Elogio de las pequeñas charlas con extraños

Cómo saber cuándo estás siendo aburrido

Algunas de las razones por las que acabamos siendo inadvertidamente groseros con la gente es que son muy educados con nosotros, una cortesía que nos da muy poca indicación de las formas en que podemos estar ofendiendo gravemente, incomodando o aburriendo.

Imagen: mentatdgt/Pexels

A veces es difícil saber si lo que decimos interesa realmente a quienes nos dirigimos. Pocas personas -aparte de nuestra pareja de mal humor o nuestro hijo adolescente- nos cortarán directamente y nos anunciarán que nos encuentran aburridos. Por ello, es demasiado fácil desarrollar una impresión de nuestra propia naturaleza convincente. Si preguntáramos a nuestro interlocutor "¿Te aburro?", podemos estar seguros de que la única respuesta que recibiríamos nunca sería: Bueno, ya que lo preguntas, sí que lo eres. Si optamos por esperar a que la gente se duerma mientras contamos una anécdota o a consultar su teléfono cuando llegamos al remate de nuestro chiste, será demasiado tarde. Nuestra reputación de charlatán habrá quedado sellada hace tiempo.

Afortunadamente, la mayor parte de lo que la gente necesita decirnos no tiene que ser directamente declarado; la evolución de una civilización puede medirse por el alcance de su diccionario de señales no dichas. La pista del interés de otra persona no está en sus declaraciones abiertas, sino en su grado de respuesta a nuestras palabras. Podemos calibrar el interés estudiando el grado de lógica y cercanía de las preguntas de otra persona a partir de nuestras afirmaciones; la rapidez de sus respuestas; el énfasis que parecen poner; si sus ojos se cruzan con los nuestros cuando subrayamos un punto; y el grado de elasticidad y benevolencia de su sonrisa. Para un observador entrenado, un grito urgente - "Tengo que irme a la cama ya"- no puede ser comunicado por nada más brutal o directo que una mirada a la alarma de humo que se mantiene una fracción de tiempo demasiado larga o un "Eso es maravilloso" que carece de una dosis diminuta pero crítica de asombro.

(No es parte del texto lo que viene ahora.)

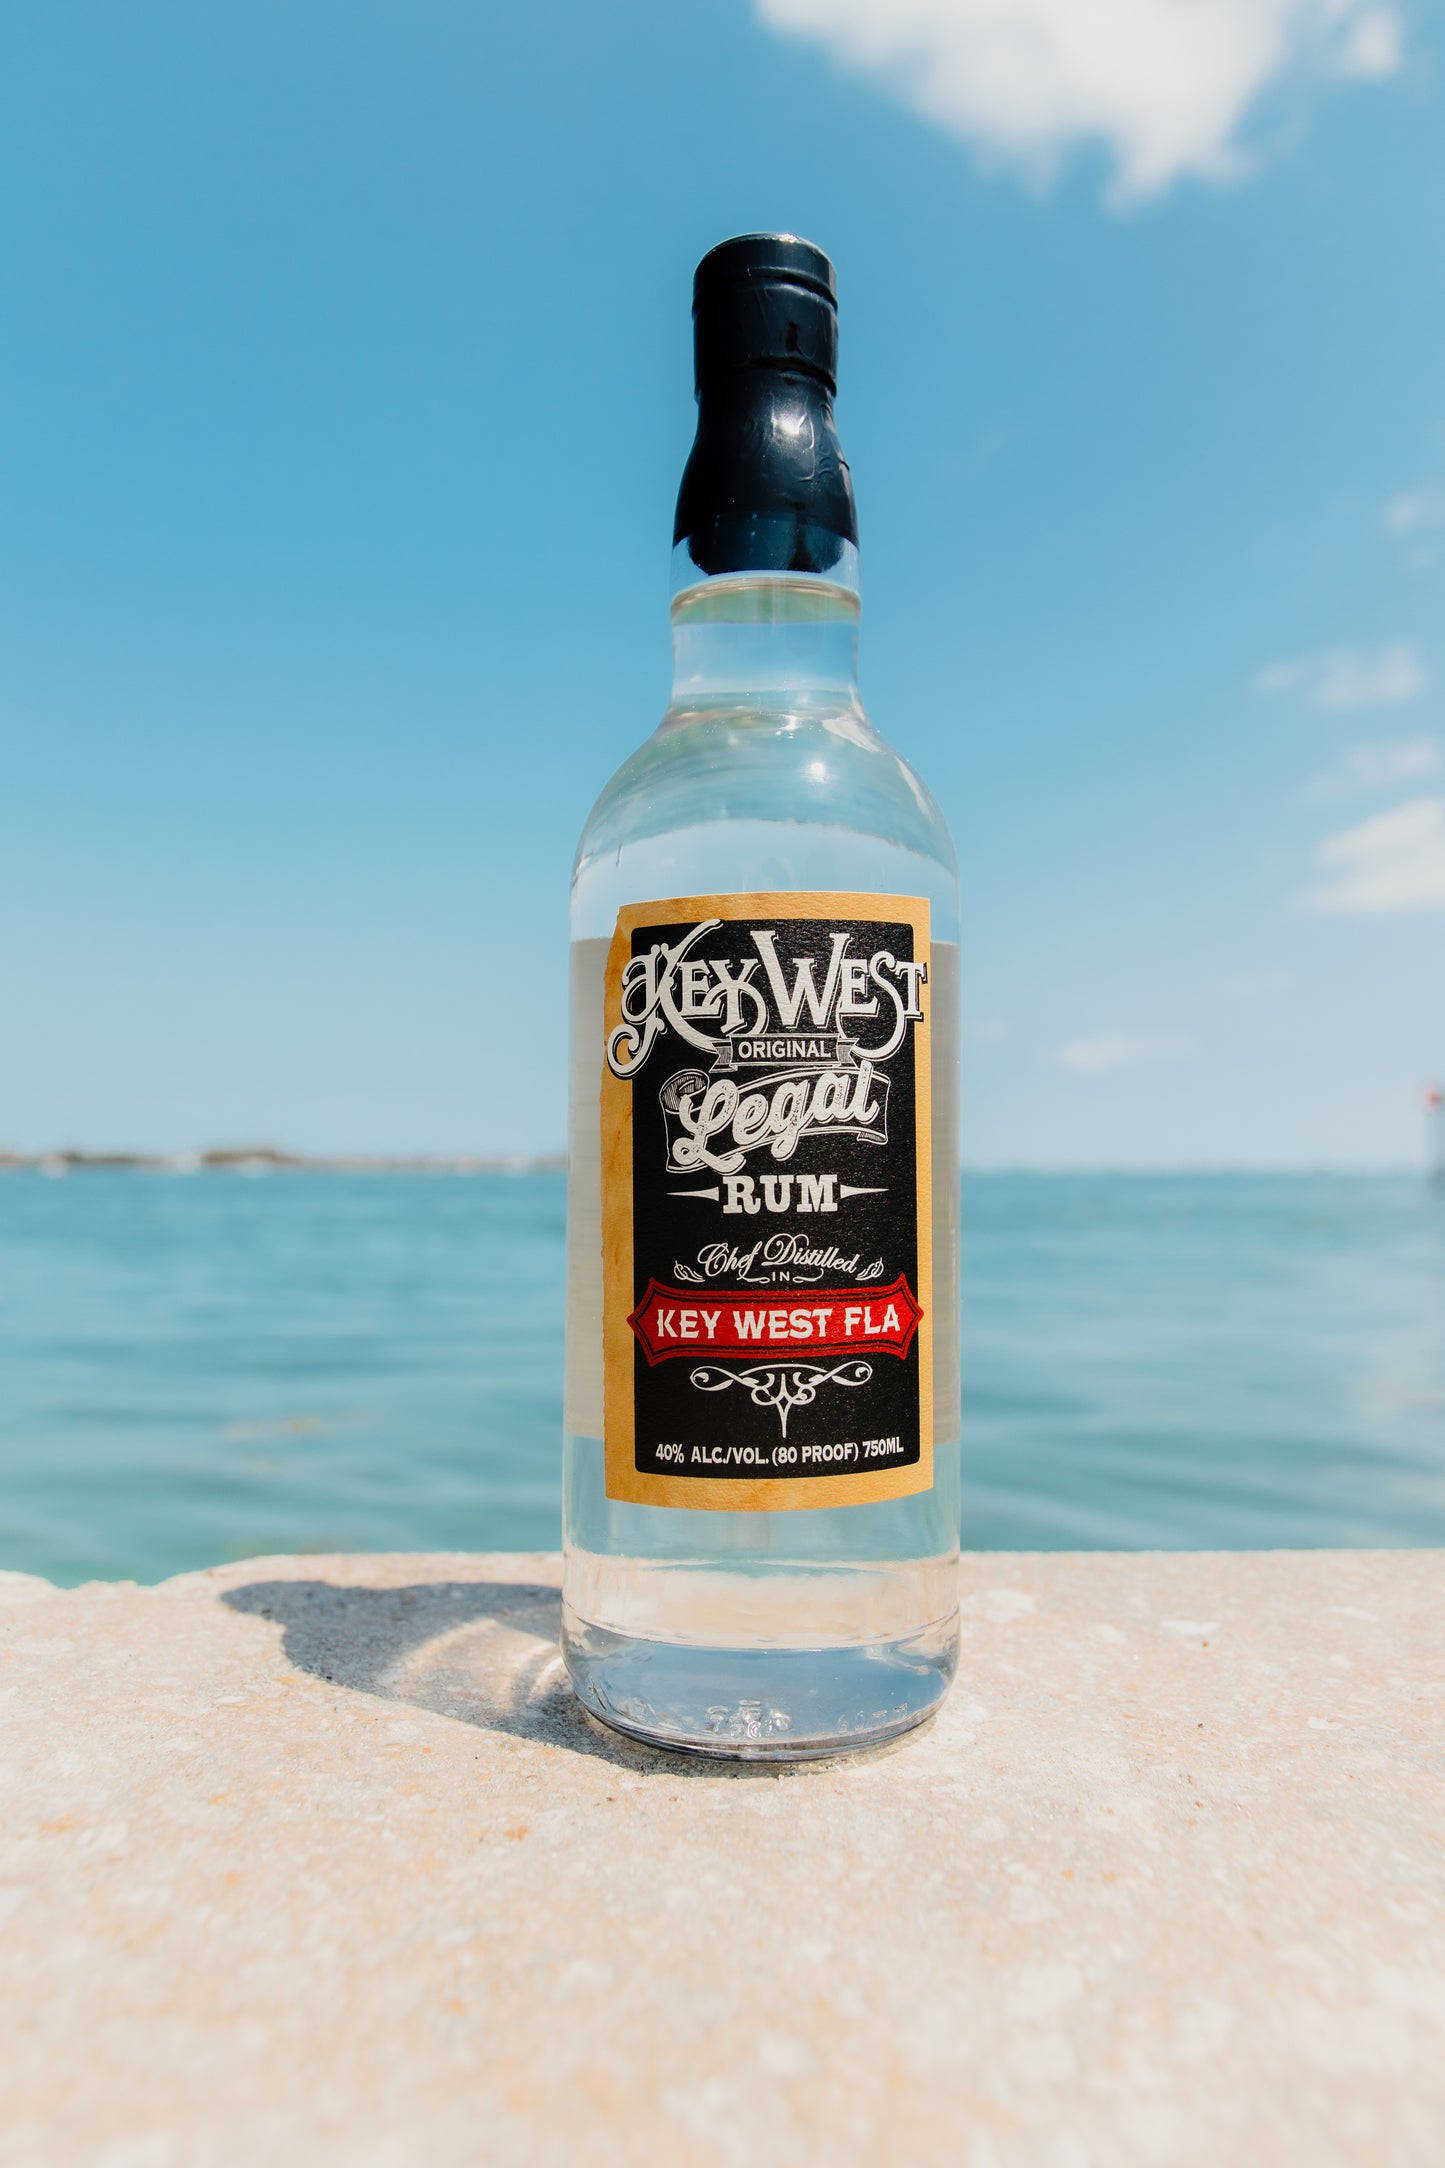 Key West First Legal Rum - Double Gold winner

Cuando las ignoramos, no es que no las recibamos, sino que, de alguna manera, optamos por no registrarlas, y no lo hacemos por una razón conmovedora: porque no podemos soportar la idea de que podamos ser aburridos, porque la idea de no pertenecer suficientemente a la vida de otro es insostenible; porque no estamos reconciliados con la soledad fundamental de la existencia y la trágica disyuntiva entre lo que queremos de los demás y lo que pueden estar dispuestos a proporcionar. Nos hemos quedado sordos por la rigidez de nuestra necesidad, no por un fallo de sensibilidad.

En algún lugar, la idea de no complacer a alguien conversando ha pasado de ser un riesgo a una catástrofe que debe ser evitada de forma maníaca. Nos volvemos insistentes y voluntariamente inconscientes; renunciamos a buscar el deleite y nos conformamos en cambio con la esperanza más modesta de no ser expulsados activamente. El insulto a nuestro amor propio que leemos en la reacción de aburrimiento de otra persona es demasiado grande, y nuestros recursos para lidiar con él son demasiado escasos para que podamos entender el significado de las largas pausas y los ojos errantes. Pasamos por alto las señales porque lo que indican a nuestras mentes inconscientes no es el pensamiento relativamente inocuo de que el otro quiere irse a la cama; se ven envueltas en una historia más profunda sobre nuestra autoestima: se convierten en indicadores de que somos fundamentalmente desagradables, de que merecemos nuestro aislamiento, de que somos unos miserables odiosos.

La mejor garantía para no aburrir a los demás es -por tanto- el desarrollo de una solidez interna que nos permita soportar el pensamiento de nuestros aspectos tediosos. La persona interesante puede reconocer que perder la atención de alguien es un contratiempo y no un signo de condenación.

Para desarrollar una imagen más benévola de lo que significa aburrirse ocasionalmente, puede ser útil estudiar las respuestas de los padres a sus hijos pequeños, pues no hay mejores ejemplos de la fácil coexistencia del aburrimiento con el amor. Para un padre, su hijo de cuatro años será a la vez la criatura más adorable que haya conocido, y, de lejos, especialmente en su conversación, la más tediosa. Incluso fuera de la paternidad, todos estamos dotados de capacidades sorprendentemente ricas para amar a alguien y, al mismo tiempo, encontrarlo extremadamente desgastante. No tiene por qué ser, como acaba pensando erróneamente el aburrido, una elección entre el amor o el aburrimiento.

Para eludir el peligro de ser un aburrido en toda regla, deberíamos fomentar el valor interior de imaginar que a veces, sin que esto signifique nada demasiado horrible, podemos ser tal cosa.